Poland’s teacher reaches final of Global Teacher Prize
The educator Jolanta Okuniewska has become the first Pole to reach the final of the Global Teacher Prize, an award dubbed the Nobel Prize for teachers. Okuniewska says that she likes using tablets during lessons, but only as an additional teaching tool. Above all, it is her approach to teaching and her relationship to her pupils that she values the most.
Jolanta Okuniewska is a Grade 1-3 teacher at the Nr. 13 Primary School in Olsztyn. She has been a teacher for 29 years. Okuniewska has become the first Pole to reach the final of the prestigious Global Teacher Prize, in large part due to her unconventional teaching methods and tireless commitment. The award recognizes open-minded teachers who are popular with their pupils. The winners of the conference will share the prize money of $1 million.
"It is a big honour for me, because the Global Teacher Prize is the educator's Nobel Prize," Okuniewska told Polska.pl. "The purpose of the competition is to recognize efforts made by teachers and to demonstrate to others that being a teacher is a beautiful and valued profession, despite it attracting less prestige than it used to in the past," she adds.
Jolanta Okuniewska has made a name for herself as a teacher who has embraced the use of mobile devices during lessons. She uses tablet apps to widen the range of educational materials at her disposal in order to trigger the imagination of her pupils.
“I didn’t think I was doing anything out of the ordinary by teaching children to read, write and count occasionally using tablets as a prop,” Okuniewska says modestly. “However, I stress that mobile devices are only one of several educational aids that I use,” she adds.

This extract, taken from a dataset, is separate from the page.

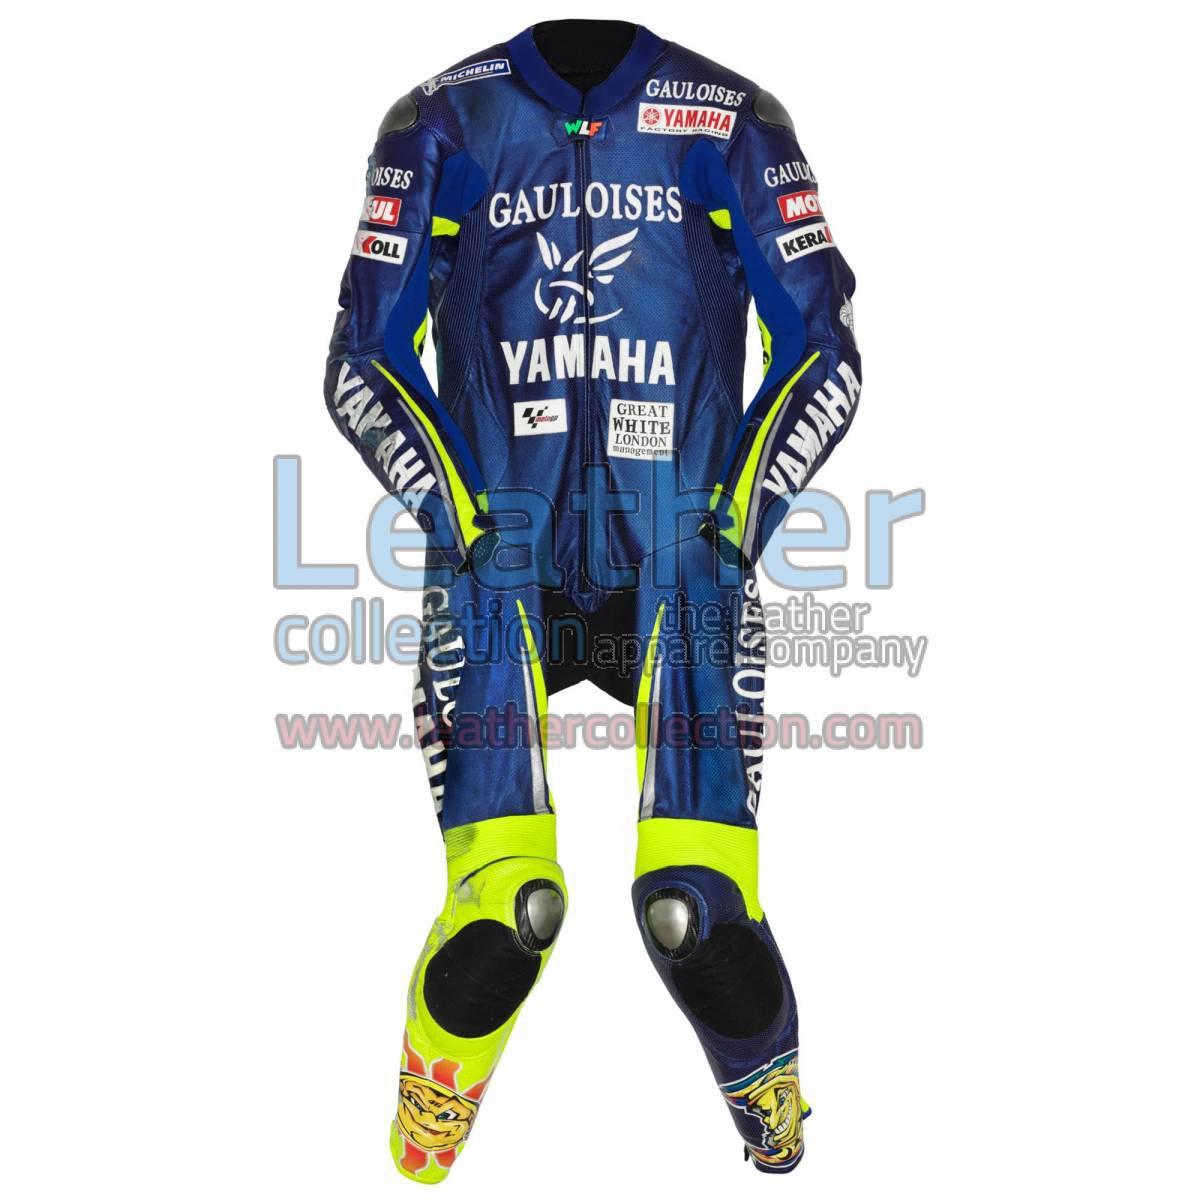 Valentino Rossi Yamaha MotoGP 2005 Race Suit

When she started using tablets in 2008, it turned out that she was the first person in Poland to do so. At the time, she started work on her first international project within the eTwinning framework, a European platform that allows teachers to gain new contacts, work together and share ideas. This first project was run on the Internet with a school in Romania. This marked the beginning of her adventure with modern technology, which have since become part of her every day work. To this day, the educator works together with teachers from across Poland and other European countries by means of the eTwinning platform.

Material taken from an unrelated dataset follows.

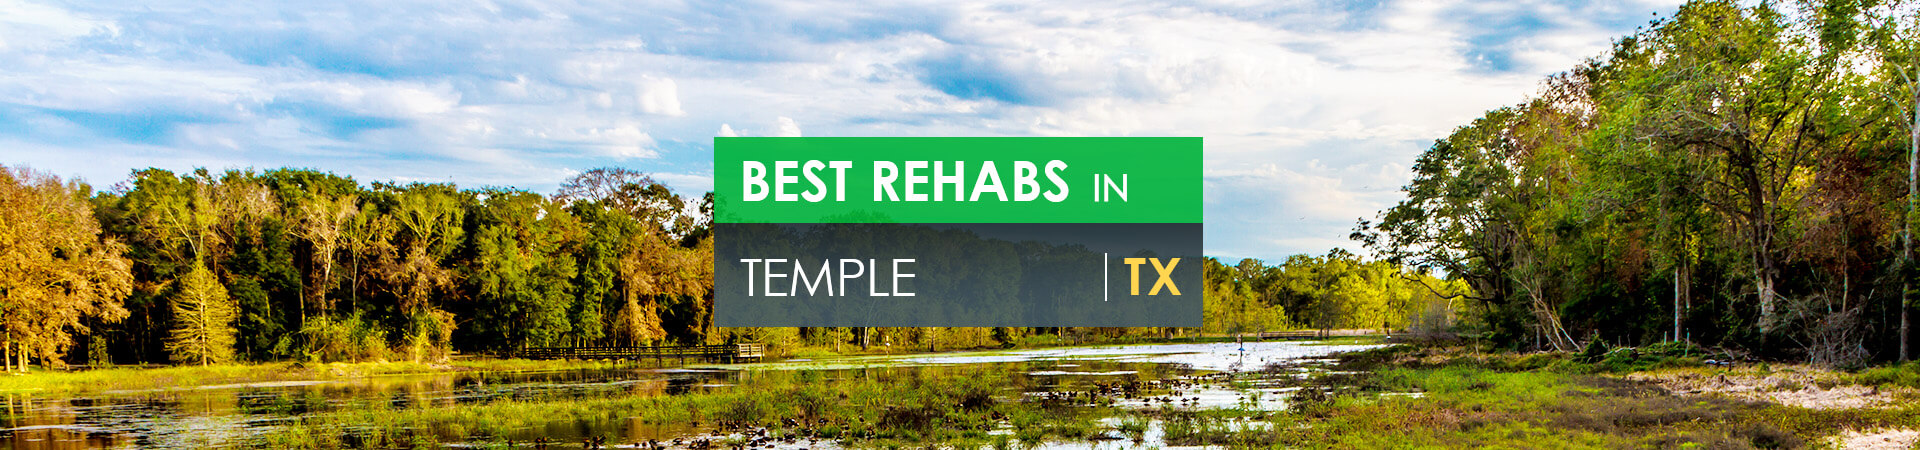 Best rehabs in Temple, TX

When the Coding Masters programme, a scheme to teach computer programming to young children, was initiated in 2013, Okuniewska was quick off the mark to gain the appropriate training and became involved in its implementation. Today Coding Masters enjoys international acclaim: over 3,000 teachers from almost 1,200 schools signed up for the third edition of the programme, which kicked off in September 2015.

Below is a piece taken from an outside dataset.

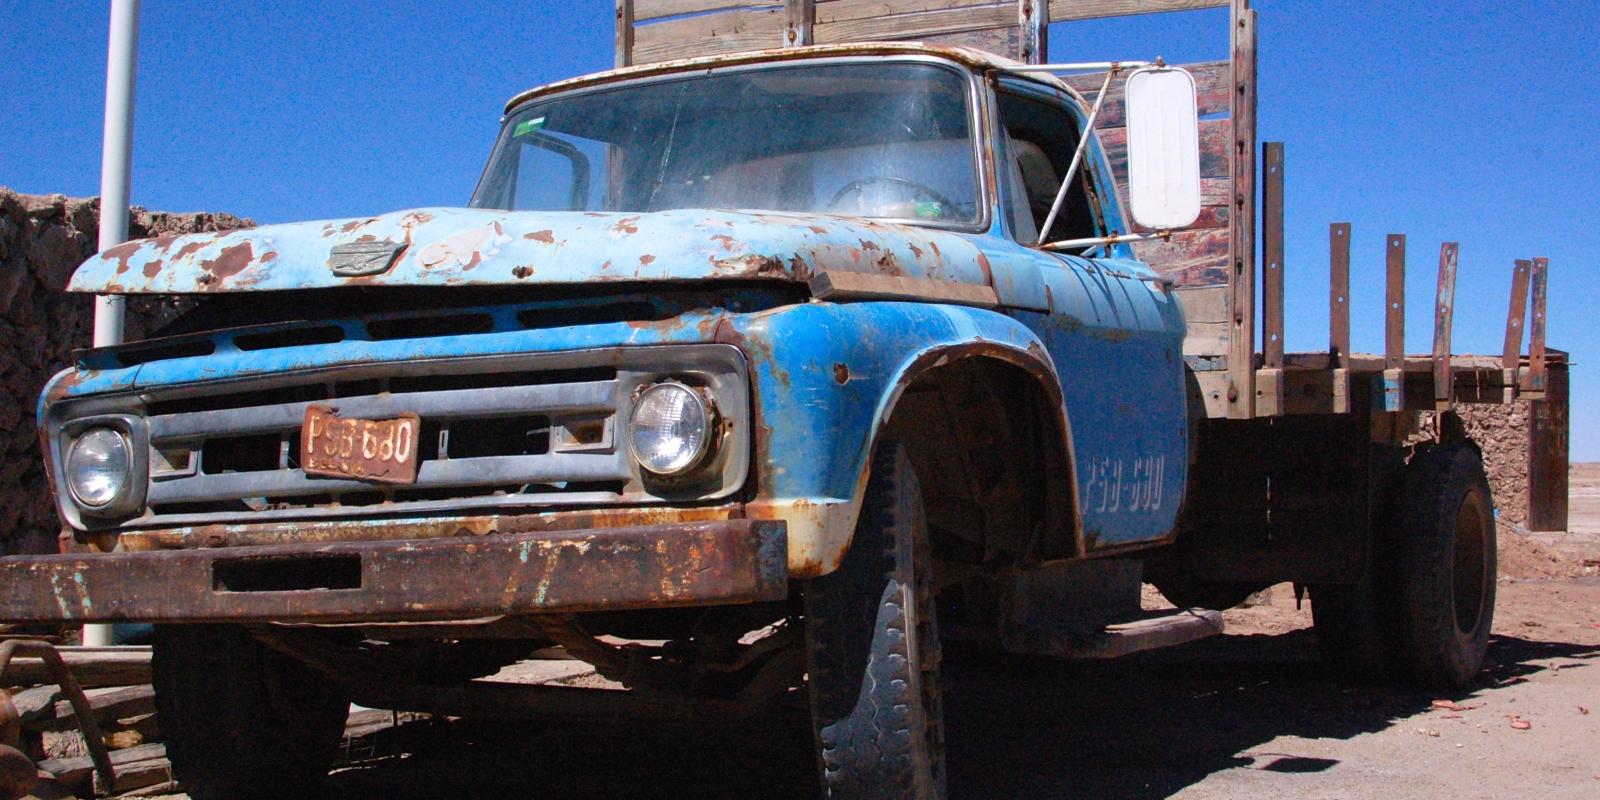 Old truck in Salar de Uyuni, Bolivia

“My school is also taking part in the Coding Masters scheme,” Okuniewska says, adding “my pupils, currently in the second grade, code with the help of the ScratchJunior programme, which can be used on tablets.
The teacher stresses, however, that no technological gadget can ever replace a good classroom atmosphere and friendly relations with pupils. “A good teacher can lead a fascinating lesson in a classroom with bare walls,” Okuniewska adds.